Within a century, the language was established: a Samoyedic Lithuanian dialect of Guarani, with classical Arabian inflections. The content was also deciphered: some notions of combinative analysis, illustrated with examples of variations with unlimited repetition. These examples made it possible for a librarian of genius to discover the fundamental law of the Library.

—Jorge Luis Borges, “The Library of Babel”

The hope of database projects is that data gathered for one researcher's purpose can be used by others, thereby avoiding duplication of effort. In the case of human genetic variation and its associated phenotypes, data are being gathered in a profusion of different contexts and assembled into a proliferating cacophony of databases. The databases themselves need to be organized, with tools, incentives and standards that will induce researchers to submit, credit and use genomic data in a more efficient way. We suggest that researchers and publishers could work together under the auspices of the Human Genome Organization (HUGO) to develop a database of genome variants. Such a project should be sustainable and reflect the different needs of its users. As a catalog, such a project seems dauntingly large, but it would not necessarily entail the documentation of the nearly infinite information space imagined by Borges in the quote above, and the longer we wait, the more data will be collected in a Babel of formats.

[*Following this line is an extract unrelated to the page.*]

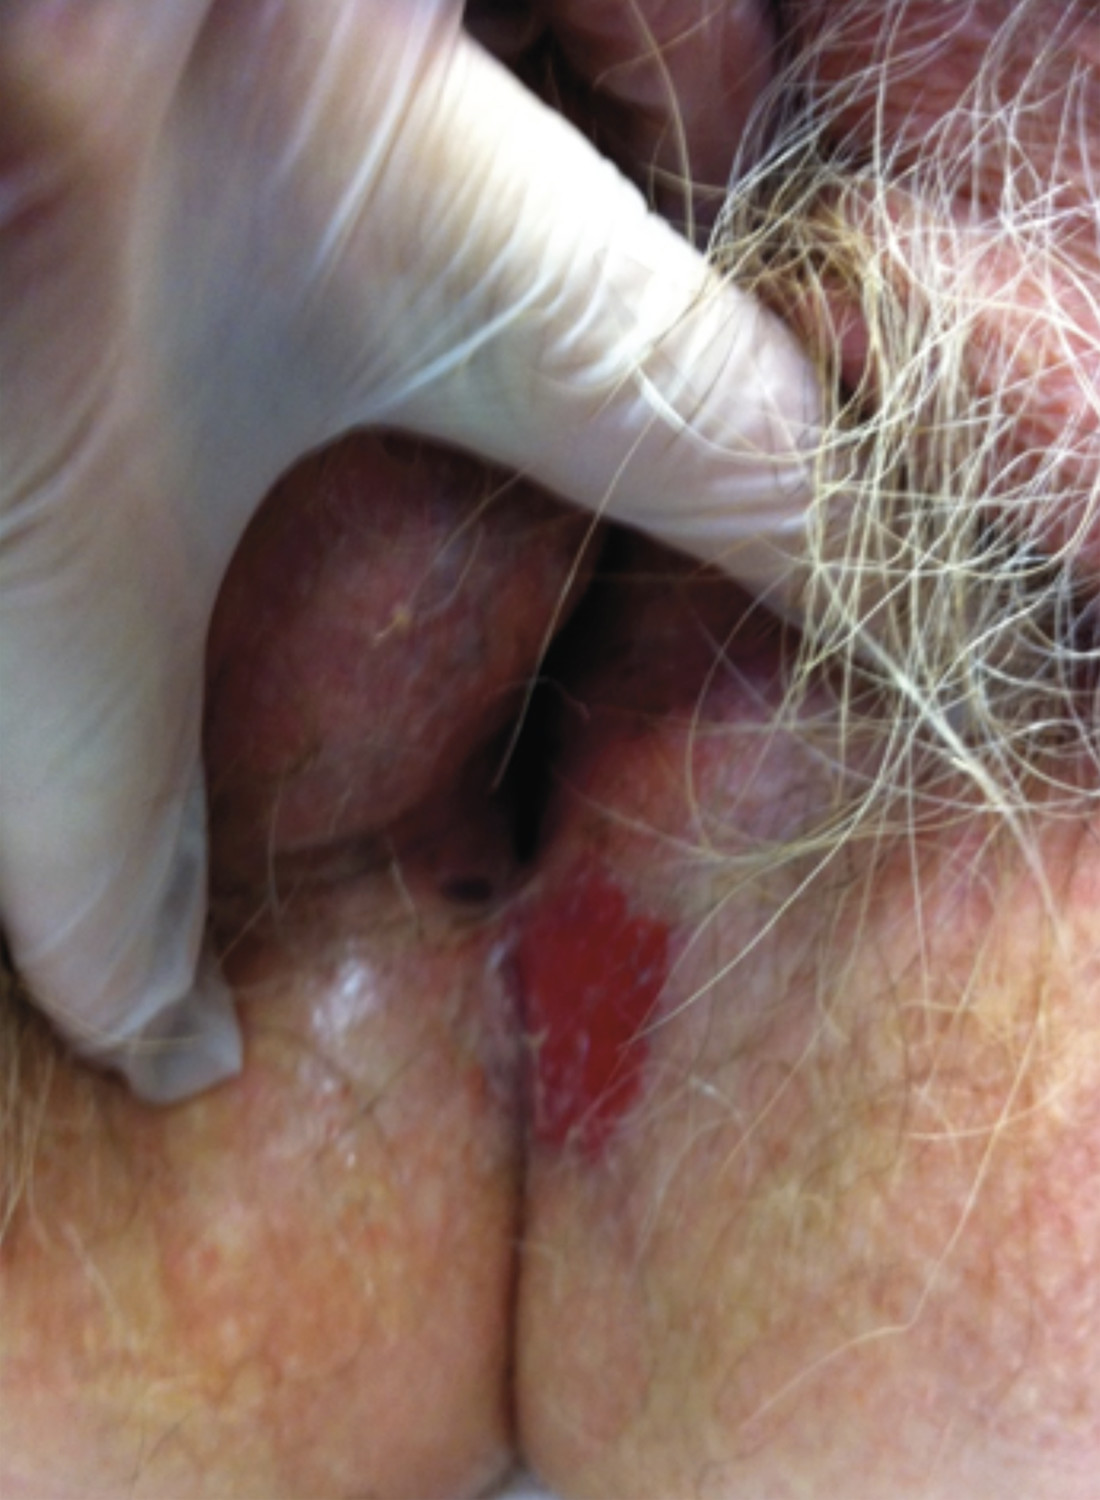 Consultation gynéco-dermatologique de pathologie vulvaire - Figure 7

Human genetic variation forms a spectrum, from rare mutations with large effects, through rare variants, chromosomal rearrangements and structural polymorphisms, to common SNPs and haplotypes. Genetic causes of disease and phenotypic variation have been found in every part of the spectrum, and discoveries in mendelian genetics and population epidemiology are increasingly mutually illuminating. Recognizing this, the Human Genome Variation Society (http://www.hgvs.org/) was formed under the auspices of HUGO and is beginning to pull together, examine and discuss the disparate genomic repositories with a view to overall coordination. With core databases, locus-specific databases and viewing tools, some might conclude that the last thing we need is another database. In fact, amid the proliferation of resources, HGVS database proponents George Patrinos and Tony Brookes described the current provision as “disastrously deficient” in a recent commentary (Trends. Genet. 21, 333–338; 2005).

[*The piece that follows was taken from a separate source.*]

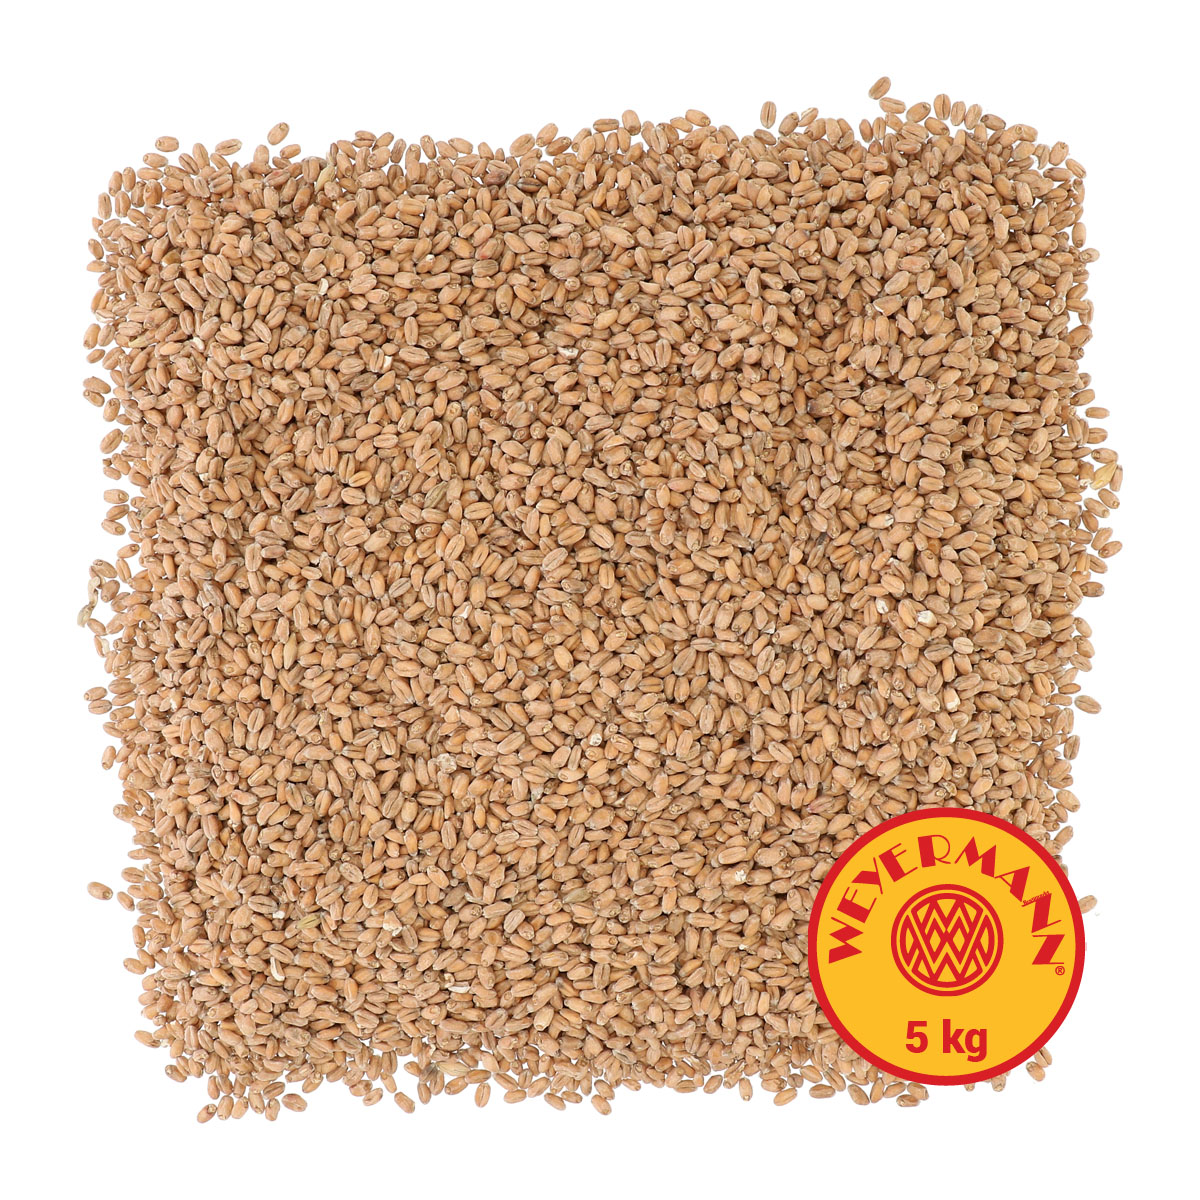 Weyermann® Pale Wheat 5 kg

The needs of researchers are various, from the clinician who wants to know whether a particular gene variant has been seen in a pedigree with a certain disease, to a testing company wanting a catalog of all the disease-causing mutations at a particular locus, to researchers studying common and complex diseases where allele frequency and haplotype background become factors used to calculate genetic risk. The minimum transferable information gained from the databases may be only that a variant occurs somewhere in the human population, so that it can be added to flexible high-throughput genotyping assays. Still, adding phenotypic information and population-specific allele frequencies will certainly help with prioritizing this process.

Three stumbling blocks are the size of the project, attributing credit and sustaining funding. One part of the solution to a big data set is the provision of tools to access database information, such as Genewindow (Nat. Genet. 37, 109–110; 2005).

New reports of mutations are published in some journals (e.g., Human Mutation), but we lack an appropriate way to credit allele frequency information or inconclusive but properly executed genetic association studies. Creative solutions are likely to arise from dialog between researchers and journal publishers. One successful model for community-publisher collaboration in cell biology is the Signaling Gateway (http://www.signaling-gateway.org/), which provides peer-reviewed, citable publication units (molecule pages), each with its own digital object identifier. Because different interest groups will be providing different kinds of data, with varying levels of motivation to publish, a sustainable database will probably need to run on a mixed economy of funding sources and incentives.

The challenge of documenting mutations, polymorphisms and even structural rearrangements seems minor and technical in comparison with that of constructing the catalog of phenotype information needed to make the variants meaningful, let alone linking phenotypes in a usable way to the genetic data. Options range from a distinctive phenome project (Nat. Genet. 34, 15–21; 2003), through ontologies, to a standardized mark-up language for annotating polymorphisms, like the one advocated by Patrinos and Brookes in their commentary. One suggestion is that phenotyping should borrow from the national gene bank projects. Because these enormous undertakings stand to contribute a large proportion of the next decade's data, our solutions will need to have their origins in the standards being established for them. These biobanks have also run headlong into the ethical issues of consent and genetic privacy (Nat. Biotechnol. 23, 539–545; 2005), and so some solutions can be borrowed for the database of databases.

There are many options and many stakeholders, but the essentials are certain: a tool to make data submission easy, a credit and citation system to make it attractive, review to validate it and a powerful cross-platform browser to access data. We can consolidate our knowledge and ignorance into one library now or evolve a solution eventually, at a greater cost.